[
https://issues.apache.org/jira/browse/OAK-4780?page=com.atlassian.jira.plugin.system.issuetabpanels:comment-tabpanel&focusedCommentId=15894387#comment-15894387
]
Stefan Eissing edited comment on OAK-4780 at 3/3/17 1:51 PM:
-------------------------------------------------------------
Updated my github clone with the following:
* configure {{maxIterations}} that a gc run is allowed to make (default 0 ==
no limit)
* configure {{maxDuration}} that a gc run might take (default 0 == no limit)
* configure {{batchDelay}} that gc shall sleep between modification batches
(default == 0, no delay)
added test case for cleanup in iterations.
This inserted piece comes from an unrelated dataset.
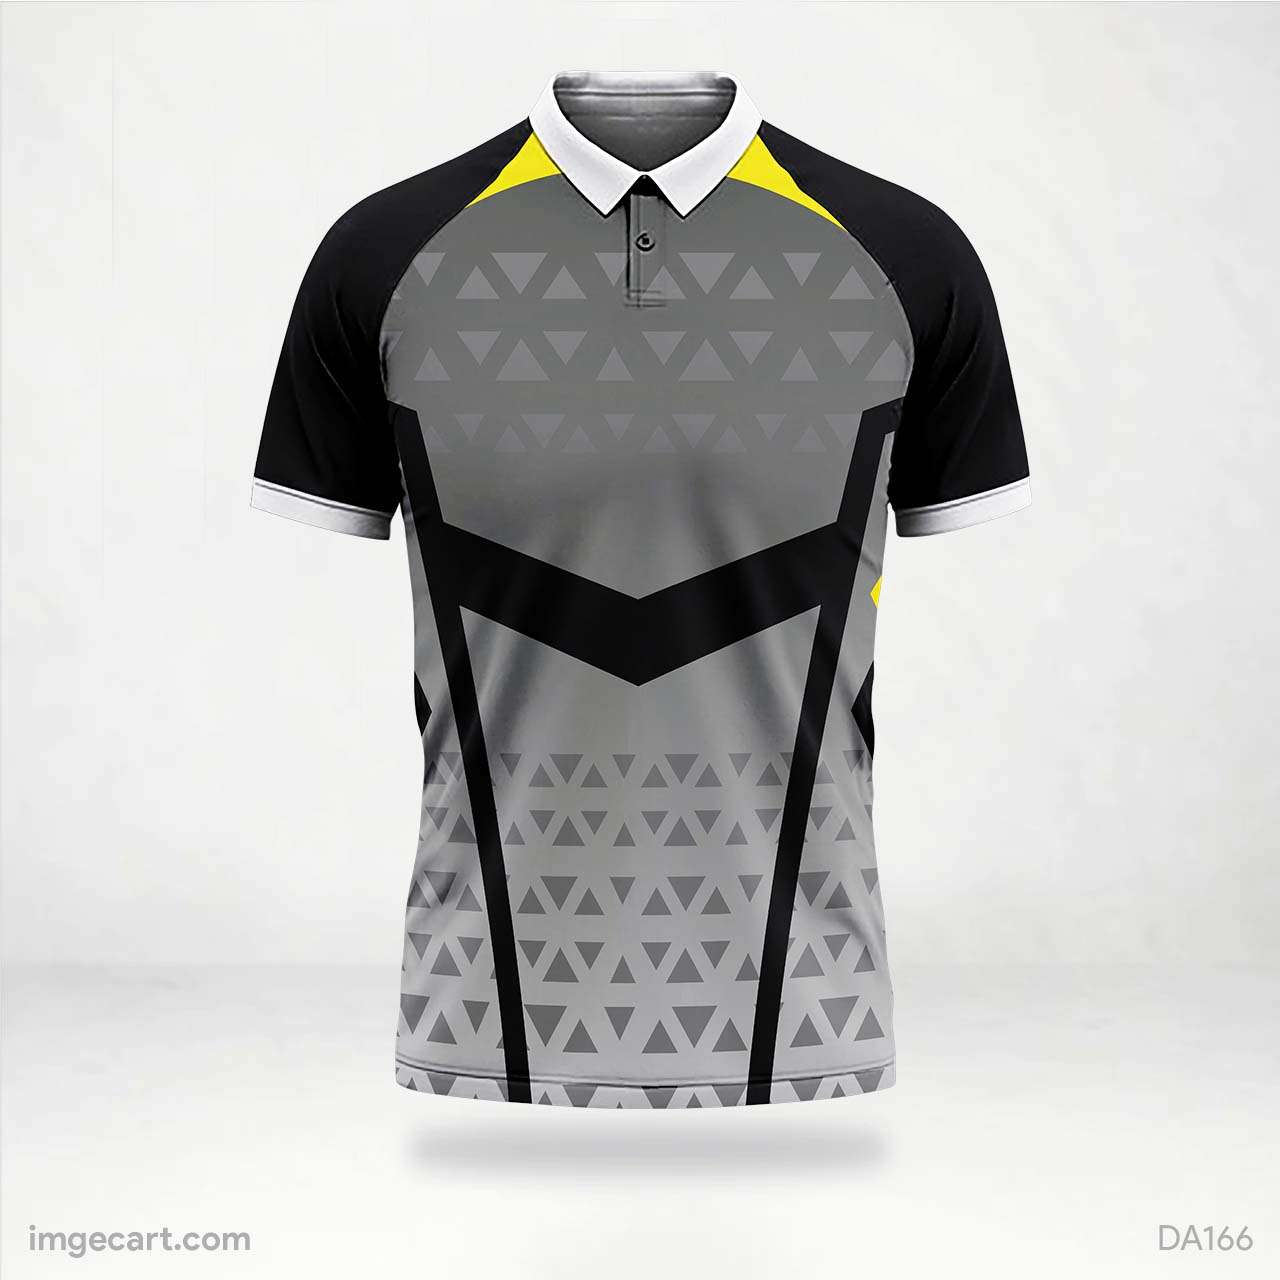 Cricket Jersey Design Black and Grey Effect - imgecart

The idea how to use these configuration parameters is:
* use {{maxIterations}} only in test setups where one wants to check the
immediate results
* use {{maxDuration}} when the gc runs in a daily (weekly?) maintenance
window, e.g. during the night and shall stop iterating when working hours
resume.
* use {{batchDelay}} when gc shall run during busy times or all the time, e.g.
on 24/7 systems. A small delay should prevent the gc from taking over the write
locks (on db/table/index), depending on database used.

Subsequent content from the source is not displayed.